Johnson has never walked much, even going back to his minor league days. But last year he broke out and batted .321 and his 5.3% walk rate at least pushed him up to a good .358 on-base percentage. And he finished with a 127 wRC+ to cap off a good season that was somewhat of a surprise.
The Braves rewarded his season by giving him a $23.5 million, three-year extension that covers 2015-2017 with an option year after that. The good news is that he followed his good season by batting .281 so far this season. But that is as far as the good news goes. His on-base percentage is .299. That’s right, .299.
The problem is that Chris Johnson has tumbled from an already low 5.3 walk percentage last year to a staggeringly low 2.2%. A walk percentage that low is pretty hard to accomplish. How hard? Let me show you.
After 81 games, or exactly half the season, Chris Johnson has seven walks in 325 plate appearances. As is easy to do math-wise, Johnson’s pace is to finish with fourteen walks. In the last ten years, only five times has a batter finished with more than 500 plate appearances with less than fifteen walks in a season.
To go one step further, in the last ten seasons, no one with more than 600 plate appearances (a pace Johnson is on) has finished with less than 16 walks. So Johnson’s pace would be somewhat historic–at least for the last ten years anyway.
The last time a batter finished with 600 plate appearances and less than fifteen walks was Deivi Cruz in the year 2000. So this is definitely something to keep an eye on for the rest of the season.
Right about now, that extension the Braves gave Chris Johnson isn’t looking very good. Fangraphs has his season at 0.1 fWAR and baseball-reference.com has him even worse at -1.0 rWAR. That will hardly justify anything over league minimum money.

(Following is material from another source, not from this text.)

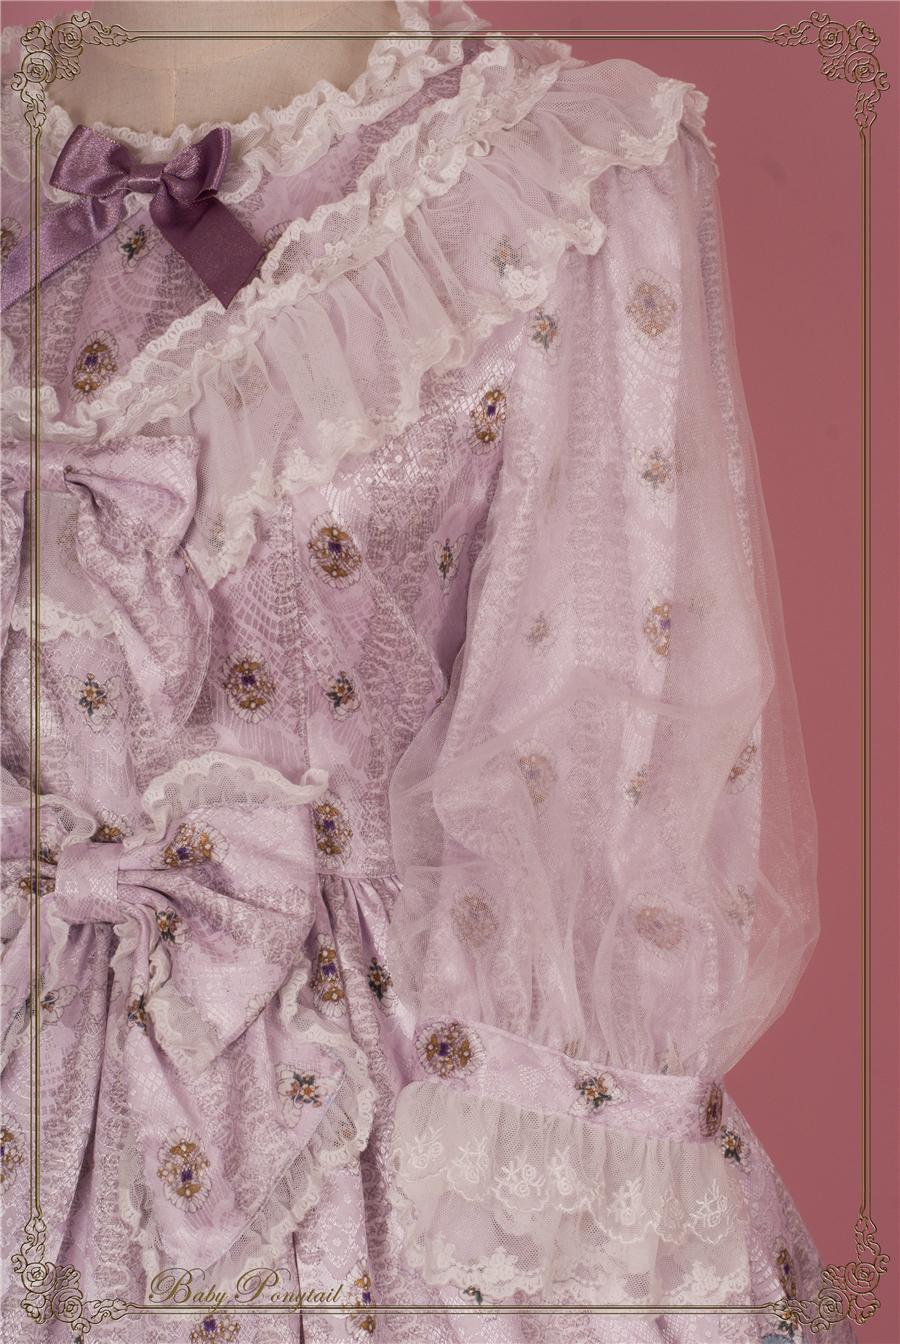 BabyPonytail_Stock Photo_My Favorite Companion_OP Lavender_05.jpg

So what has led to Johnson’s plunge in walk rates? As you might expect, a lot of it is found in his O-Rate or the amount of times he swings at a pitch outside the strike zone. His rate is the highest of his career at 44.1%. His overall swing rate of 57.6% is also the highest of his career. His O-rate is the second highest in baseball and his overall swing rate is third highest.
Add to those numbers the fact that his contact percentage and swing and miss percentage are the second highest of his career, the highest they have been since his second season in 2010. His first pitch strike percentage is also quite high at over 61%.
To add to Johnson’s woes, his slugging is way off too. His slugging percentage is 96 points below last year and his overall OPS is 156 points lower! His 84 wRC+ completes the picture of inadequacy he has going on this season.
It is quite possible that Chris Johnson will improve in the second half. The Braves and the team’s fans can only hope such will be the case. A .281 batting average that only adds up to a .299 on-base percentage is a bit embarrassing–especially in this day and age where getting on base is a key criteria.